The masses have prayed and Rockstar Games finally delivered a memorable title outside of the Grand Theft Auto franchise. After massive promotional campaigns—which I guess Rockstar could afford after Grand Theft Auto 4 was the most profitable entertainment product ever made—they have released to the public, Red Dead Redemption, or Grand Theft Auto on horseback.
I must say, it was just kind a letdown for me that they didn’t even try to break away from the GTA format even a bit. The buttons for getting on and off your horse, and for punching someone in the mouth (much needed in all Rockstar Games, given their propensity for creating back talkin’ peripheral characters) correspond to all of the GTA games. This in combination with following those single letter icons on a circular map to find the next bump forward in the very linear narrative was just a little too familiar for me.

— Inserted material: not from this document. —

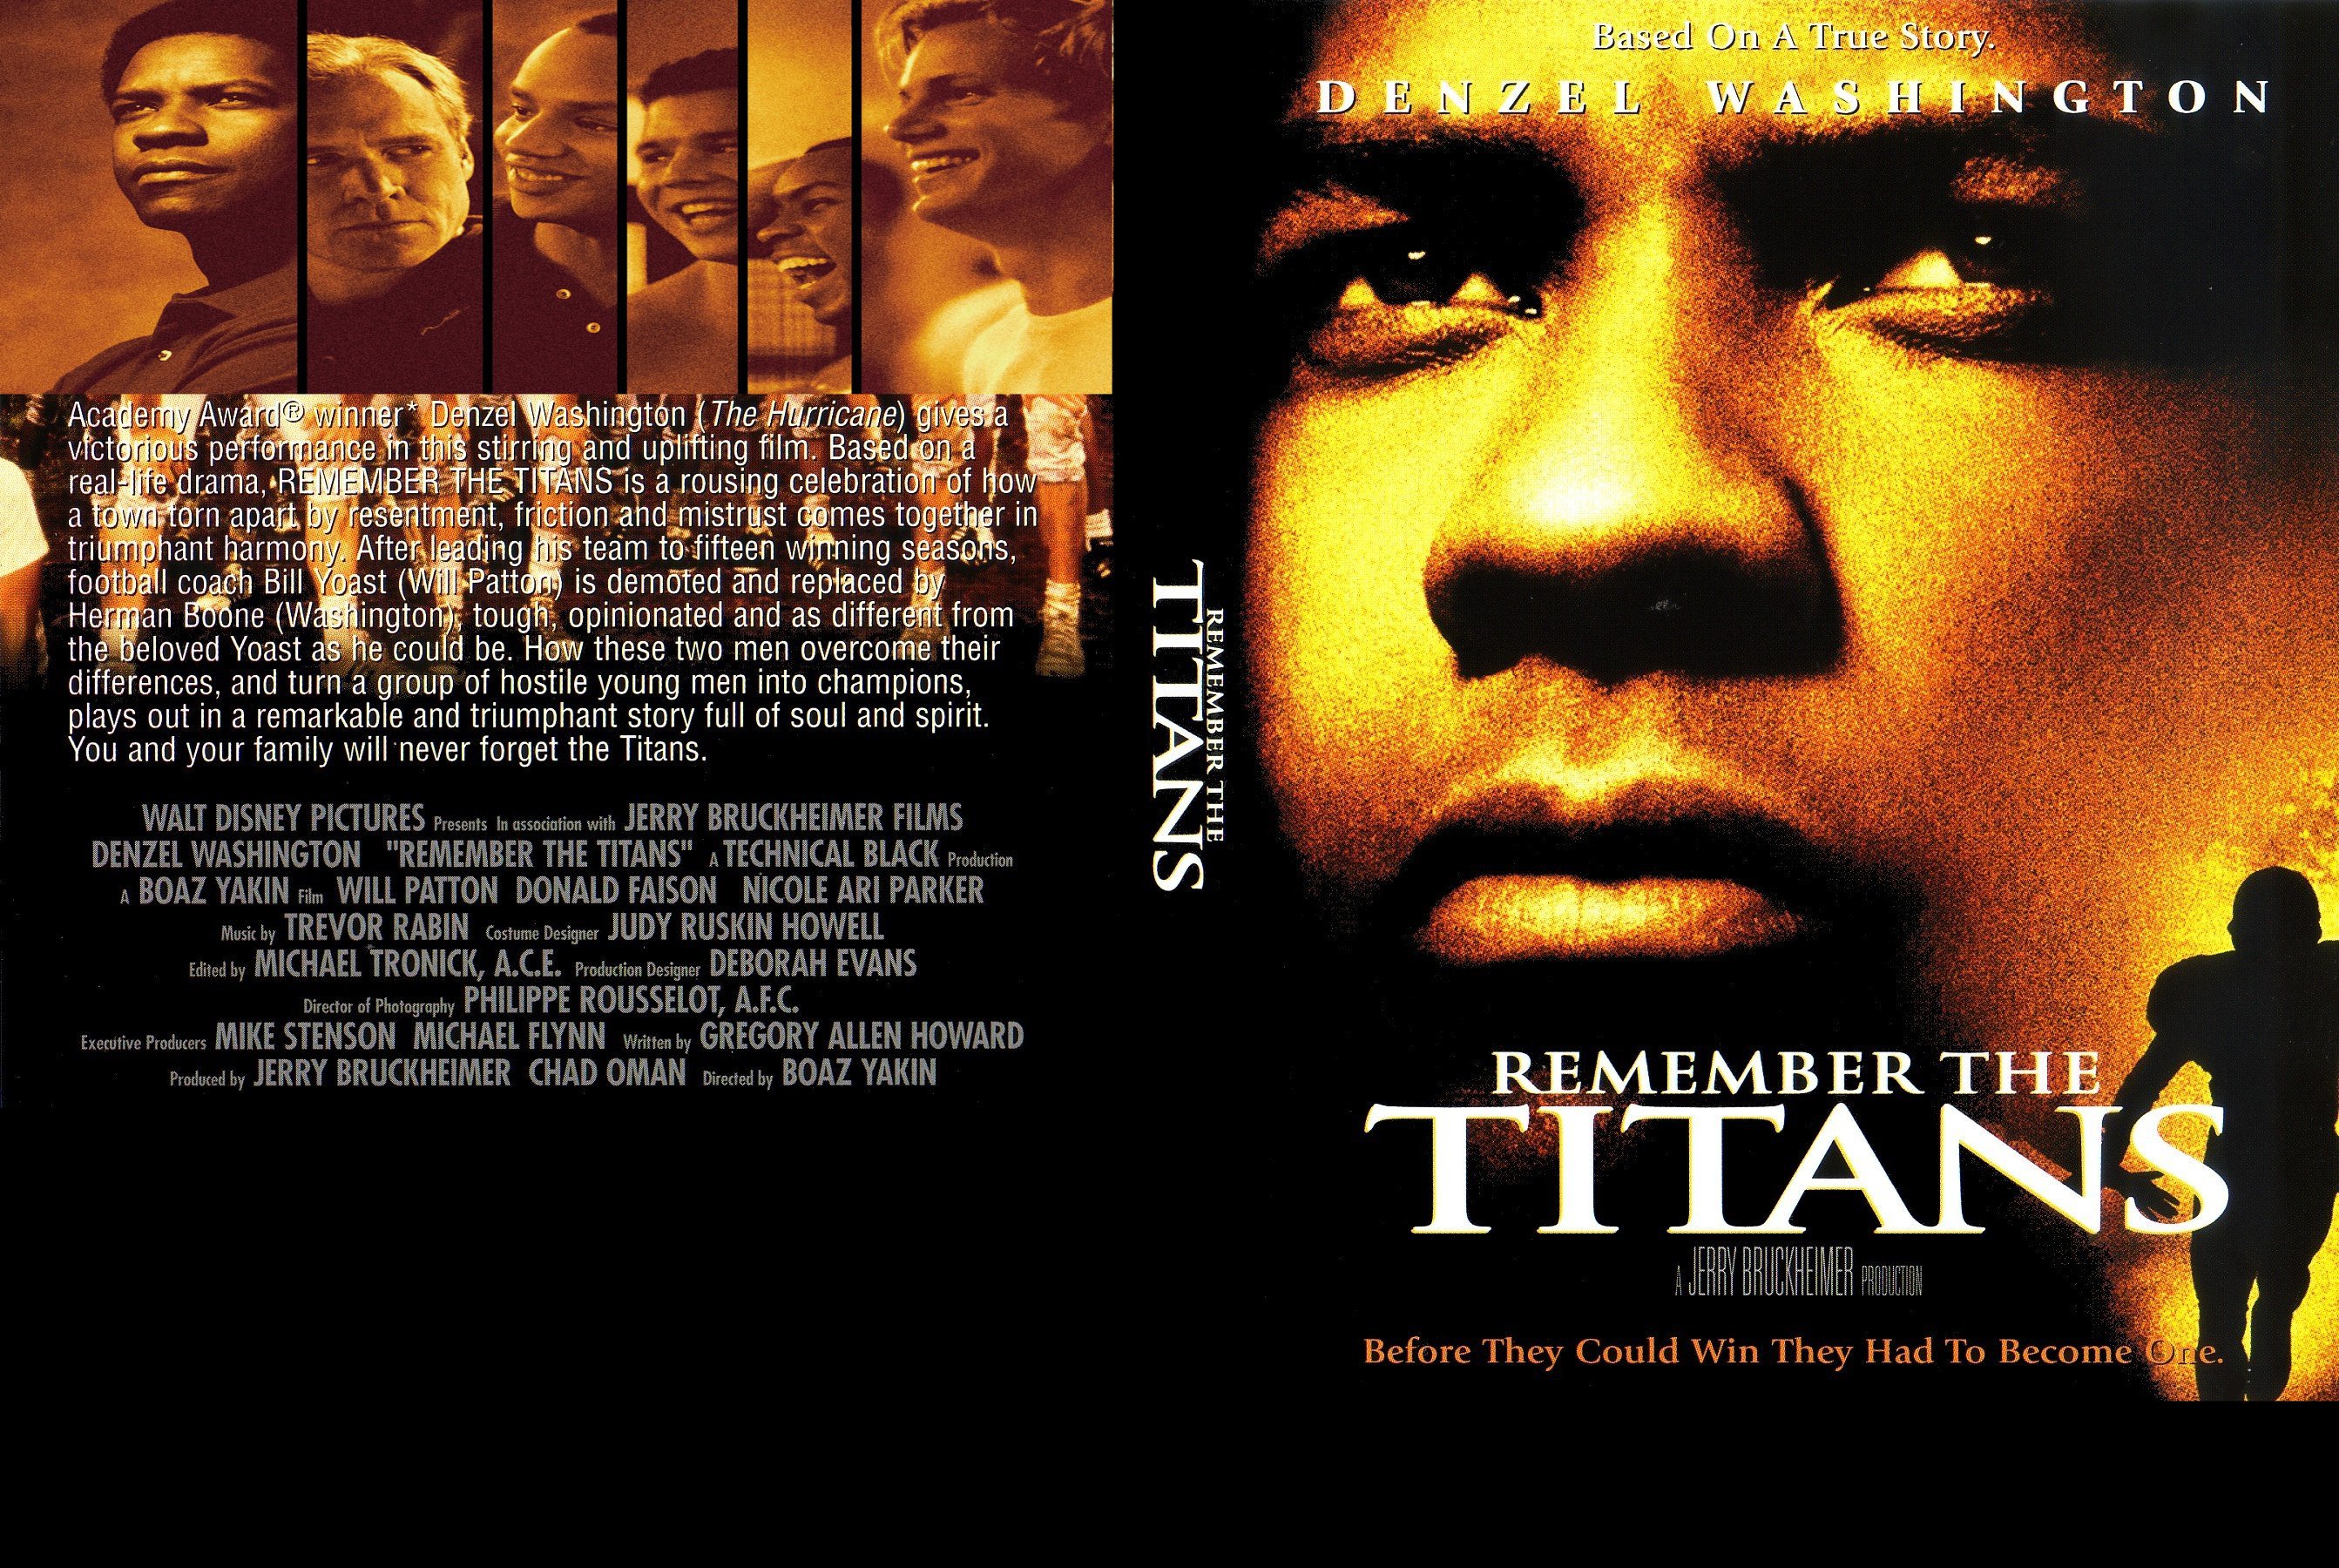 Remember the story. Вспоминая титанов DVD 2000. Remember the Titans. Remember the Titans poster.

But here I am trash talking a game that for all intents and purposes has done a pretty good thing. I think they really did deliver a playable game here, it’s just that I often have hopes that a company that has had such a revolutionary track record will be able to repeat its past ground breaking and give us something previously unseen again. This, I realize as I say it, is probably very unrealistic. Okay, now that I’ve cleared that out of my system I do have some more good things to say about the game, really.

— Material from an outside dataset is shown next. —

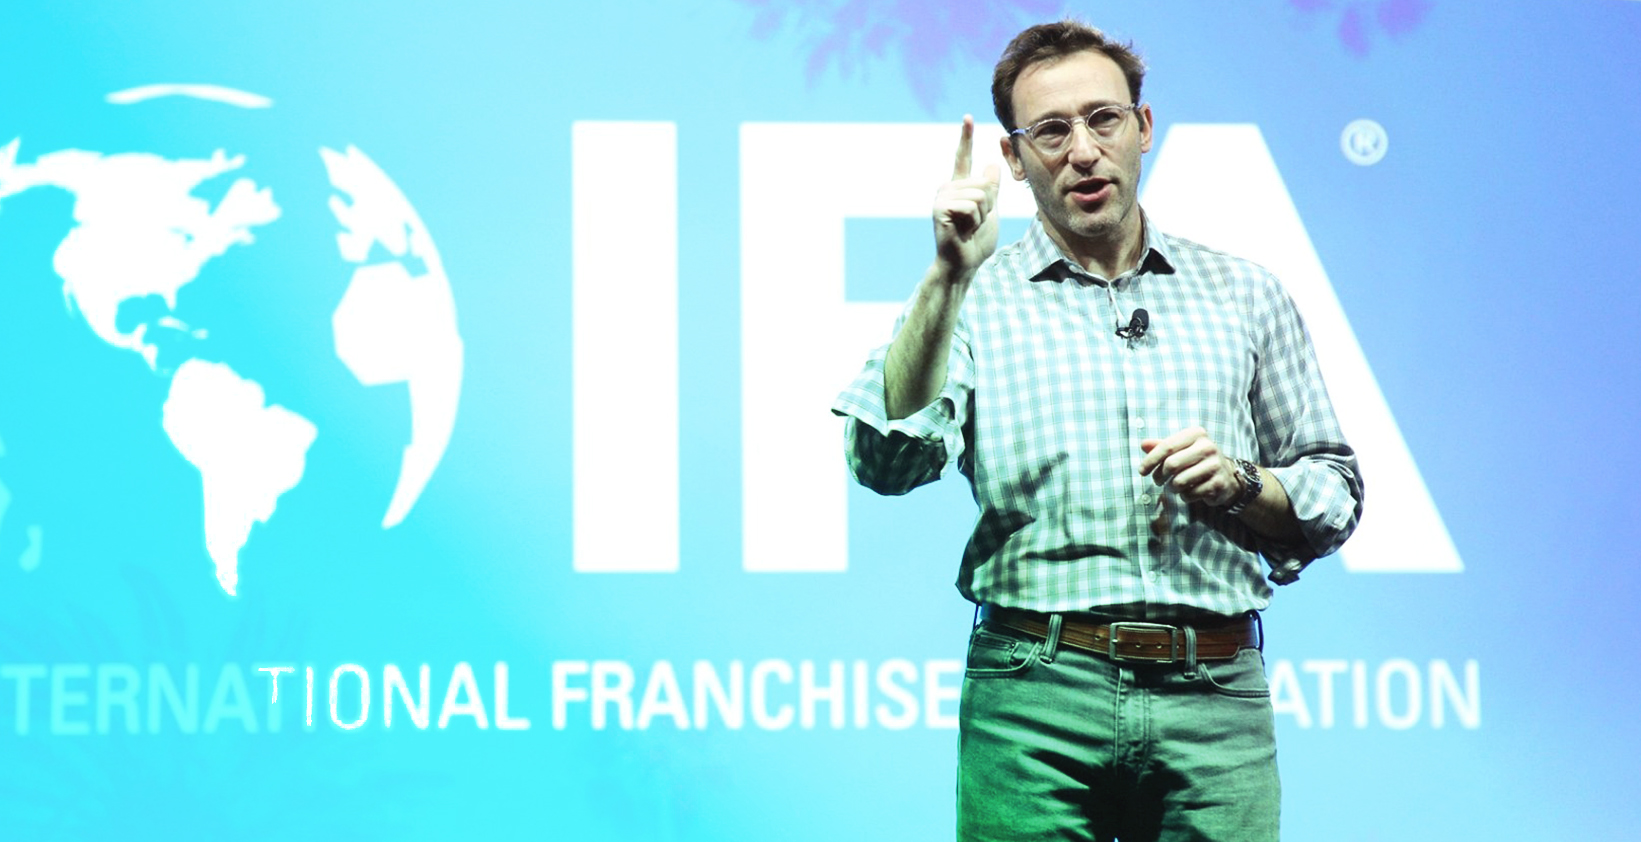 Simon Sinek and Beyond: Our Top Takeaways From IFA2020

Visually the game was breathtaking and not in a way where they did something totally new with the graphics (they were pretty sweet though), no it was more something that Rockstar did with the mood or the feel of the game. The music was perfect and the landscape was drab and dusty, almost a sepia tone thing going on there. The way the protagonist walked suggested that, even with all this crazy shit going on in the world we have to take it as it comes, because that’s how it’s done in the West. Great attention to detail was paid to the stark furnishings and emerging newfangled technology, like the telephone. Doing a period piece can really pay off if attention to detail is focused on the right things, the artists at Rockstar came through for us, all the way from the landscape artists to the character designers.

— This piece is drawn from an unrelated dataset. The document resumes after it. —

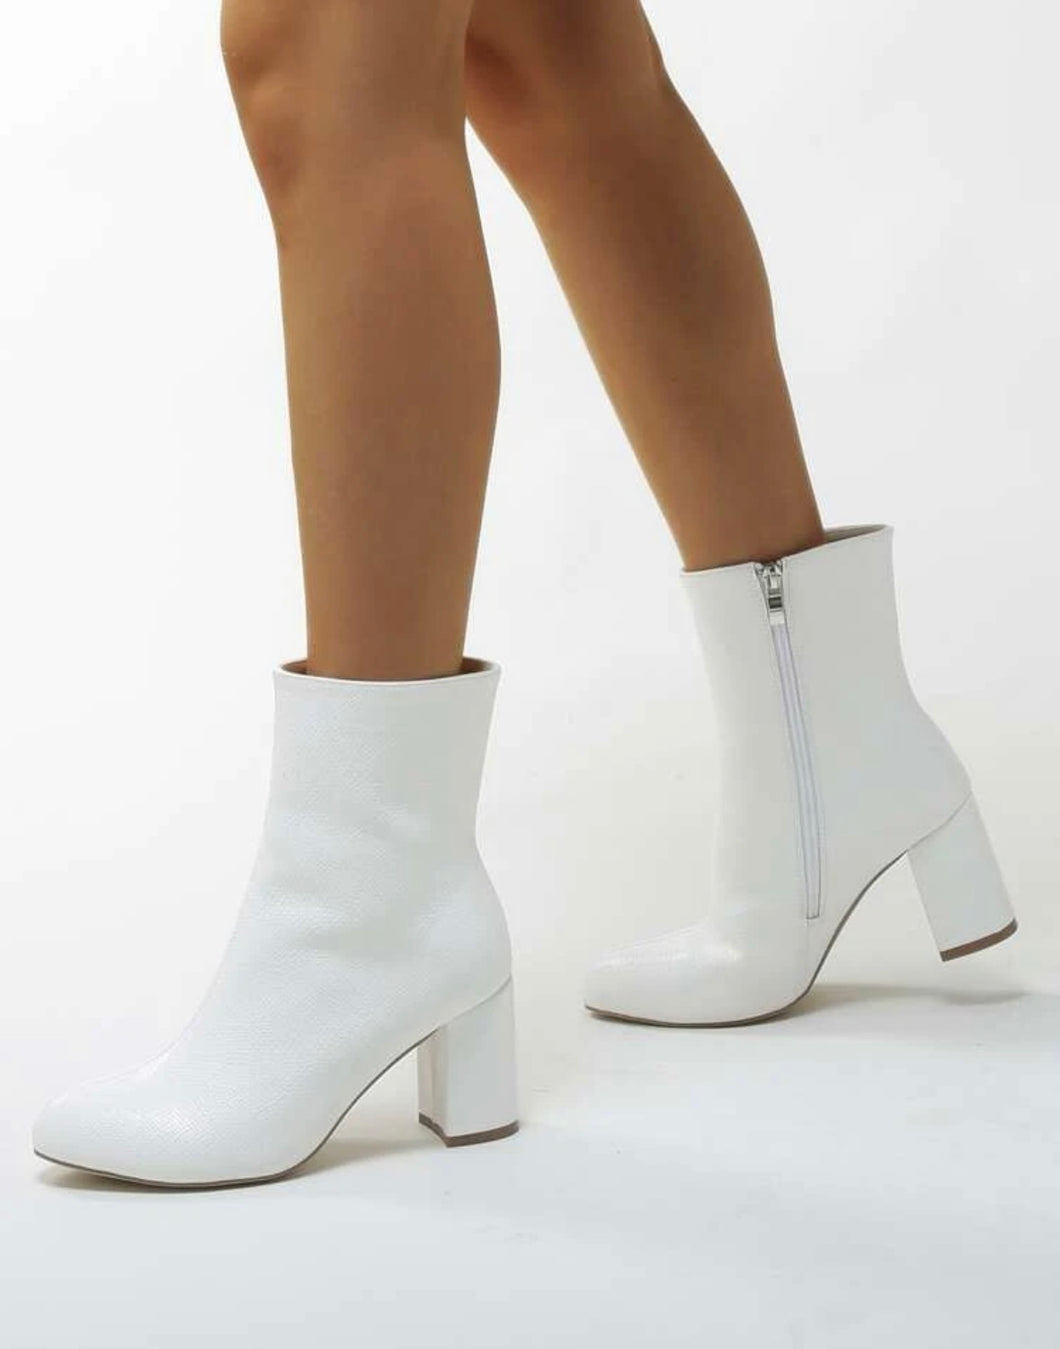 White Leather Ankle Booties - Juniper

The story is good enough. You are a retired outlaw with a real ugly face that is being extorted by the soulless Federal government to hunt down the old members of your gang. This takes John Marston (that’s you) from the little border county, where the game starts, across to Mexico for a spell, where he gets caught up fighting on both sides of a civil dispute. Then back up to the States to track down the old leader of the gang.
The thing that this game has is a silly amount of is little side stuff. If you are a collector, be prepared to spend the foreseeable future holed up in your mom’s basement with a chamber pot and a cheesy poof feeding tube. To start there’s the games like poker, black jack, horseshoes, that one where you stab your hand with a knife and probably more, I stopped looking for them after a while. Then there’s the herb collecting… Sweet zombie Jesus… so many herbs. Oh and don’t forget hunting, the old west was littered with live animals to shoot and skin. On top of all this, it seemed like every fifth person I passed by was either genuinely being robbed or trying to lure me into some kind of trap.
This last element was where I think the game really came into its own. What was delivered better than anything I have ever seen before was a feeling of immersion in the world they created. All the time as you ride around, there are people doing stuff. People are setting up camps, riding around, or just going about their well programmed lives. I definitely got the sense that when I left a town or ranch for a while, life had carried on without me. The exception to this being the plot points, those remained frozen in time until I was kind enough to come and activate them. This, of course, was completely dependent on how much peripheral action I decided to engage in along the way. A memorable moment in the game for me came when I was walking around town, minding my own business and a gang of thugs came galloping though dragging a woman behind them. Feeling compelled to do right by her (I don’t think I would have got involved if it was a guy being dragged) I started shooting everyone on horseback I could see. Before long, I had shot a marshal and was being chased out of town, never having a chance to buy what I came in for in the first place.
The online multi-player has cooperative and competitive modes for up to 16 players simultaneously. The competitive games include team and “every man for himself” game types like standard shootouts and capture the flag. Free Roam is where they do something different, it lets up to 16 players join into one world and then explore the entirety of the single-player map. You can join some friends and take part in little skirmishes, or simply shoot each other in the face, assault bandit hideouts and forts as a team, or just ride across the countryside together while taking part in hunting and gathering challenges. This is the way the game really ought to be played in my opinion; the open air setting was one of its freshest aspects. To really play Red Dead Redemption I suggest rounding up a posse and storming a bandit fort, then when your friend’s back is turned, you skin his horse.
In conclusion, it’s a game that I wouldn’t miss. Rockstar has done their usual thing, in that they have the balls to create a game with some edgy content. I think that anyone that starts spouting a bunch of malarkey about “an uncanny ability to hold a mirror up to society reminding us about present day hot button issues like racism, immigration, federal government power and personal freedoms” is probably on the payroll though.